Como refere a acusação, «os arguidos bem sabiam que as sociedades arguidas “Terras Serranas” e “Fornos Vida” careciam de legitimidade» para se candidatarem àquele financiamento comunitário, «por ser reservado a municípios e suas associações, o mesmo sucedendo com o Município de Fornos de Algodres, visto não ser titular dos terrenos, edifícios ou fracções visados pela operação, nem o verdadeiro beneficiário da operação, que tinha cariz urbano e visava apenas servir um estabelecimento hoteleiro e termal pertencente àquelas entidades privadas».
Mata municipal transformada em hotel e termas privadas
Na serra da Esgalhada (também conhecida como mata municipal), onde viria a ser construído o hotel, havia um complexo desportivo com um campo relvado, um pelado, um polidesportivo, um centro de interpretação ambiental, uma praça com jogos de água, um circuito de manutenção, um parque de merendas e bons acessos. Tudo isto era o resultado de um investimento de cerca de 5 milhões de euros, como recordou o jornal “Público” em Dezembro de 2019, quando ainda decorriam os inquéritos que conduziram à acusação que pende agora sobre o ex-autarca e o empresário.
Actualmente, existe um hotel e um balneário termal, pertencentes a duas empresas privadas, e o resto está ao abandono. Tudo isto começou em 2004, com a junção de interesses, em 2004, entre José Severino Miranda, em representação da Câmara, e Guilherme Romão, dono das Águas da Curia, para construir um hotel naquela zona. Para isso, foi criada a “Terras Serranas”, tendo a autarquia entregue 3,2 hectares da mata, correspondendo a 7500 euros, para ficar com 15% do capital, refere a acusação.
O tempo foi passando e a obra não surgia. O ex-emigrante Gumercindo Lourenço veio então a entender-se com José Severino e Guilherme Romão, passando a ocupar o lugar deste na sociedade.
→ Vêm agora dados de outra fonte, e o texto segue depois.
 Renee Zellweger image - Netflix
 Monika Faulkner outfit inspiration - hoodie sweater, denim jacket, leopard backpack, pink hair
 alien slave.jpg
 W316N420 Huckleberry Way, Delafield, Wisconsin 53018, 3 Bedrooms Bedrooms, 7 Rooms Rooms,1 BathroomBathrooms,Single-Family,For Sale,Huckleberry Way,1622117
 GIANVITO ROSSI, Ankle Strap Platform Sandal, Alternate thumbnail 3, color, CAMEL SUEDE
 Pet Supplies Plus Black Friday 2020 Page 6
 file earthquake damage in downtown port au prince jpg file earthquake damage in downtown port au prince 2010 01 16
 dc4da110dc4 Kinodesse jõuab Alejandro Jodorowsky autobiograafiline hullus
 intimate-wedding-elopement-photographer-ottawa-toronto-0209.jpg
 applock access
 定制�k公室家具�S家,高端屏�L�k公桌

O novo responsável decide aumentar o capital da sociedade de 50 mil para 200 mil euros, tendo o município subscrito o montante de 22.500 euros, mediante a entrega de um prédio rústico, para poder manter os 15%.
Refere a acusação que, aproximadamente em Novembro de 2011, José Severino Miranda, no exercício das suas funções de presidente da Câmara, e Gumercindo Lourenço, em seu nome e em representação (enquanto presidente do Conselho de Administração) das sociedades “Terras Serranas”, “Fornos Vida” e “Montalvia”, «porque pretendiam que as sociedades arguidas “Terras Serranas” e “Fornos Vida” lograssem construir e explorar» o empreendimento turístico, «sem fazer qualquer investimento de capitais próprios ou fazendo um investimento muito inferior a o seu custo total, e que essa obra fosse adjudicada à sociedade arguida “Montalvia”, decidiram obter financiamento com recurso a fundos comunitários e/ou nacionais, ainda que não estivessem reunidos os necessários requisitos e ainda que com sobreposição de intervenções, como sucedeu no âmbito da operação “CENTRO 08-0231-FEDER-023010 – Requalificação e valorização dos arranjos exteriores da Serra da Esgalhada”».
A “Terras Serranas” viria então a receber 5,5 milhões de euros de fundos comunitários, dos quais 1,3 milhões de euros a fundo perdido, tendo o hotel vindo a ser inaugurado em 2012 com o nome “Estrela à Vista”. Aquando do aumento de capital, a empresa passou também a incluir no objecto social “a exploração e comercialização de águas sulfurosas e afins”. A sociedade “Fornos Vida”, criada pelo ex-autarca e pelo empresário para construir e explorar um balneário termal, viu ser-lhe atribuída uma verba de 2,3 milhões de euros.
Em 2014, a Inspecção Geral de Finanças (IGF) viria a detectar irregularidades graves no processo do hotel, tendo recomendado ao Turismo de Portugal que retirasse o financiamento. E foi isso que aconteceu. A IGF decidiu dar conhecimento ao Ministério Público por considerar haver fortes indícios de que Gumercindo Lourenço tinha cometido o crime de fraude na obtenção de subsídio.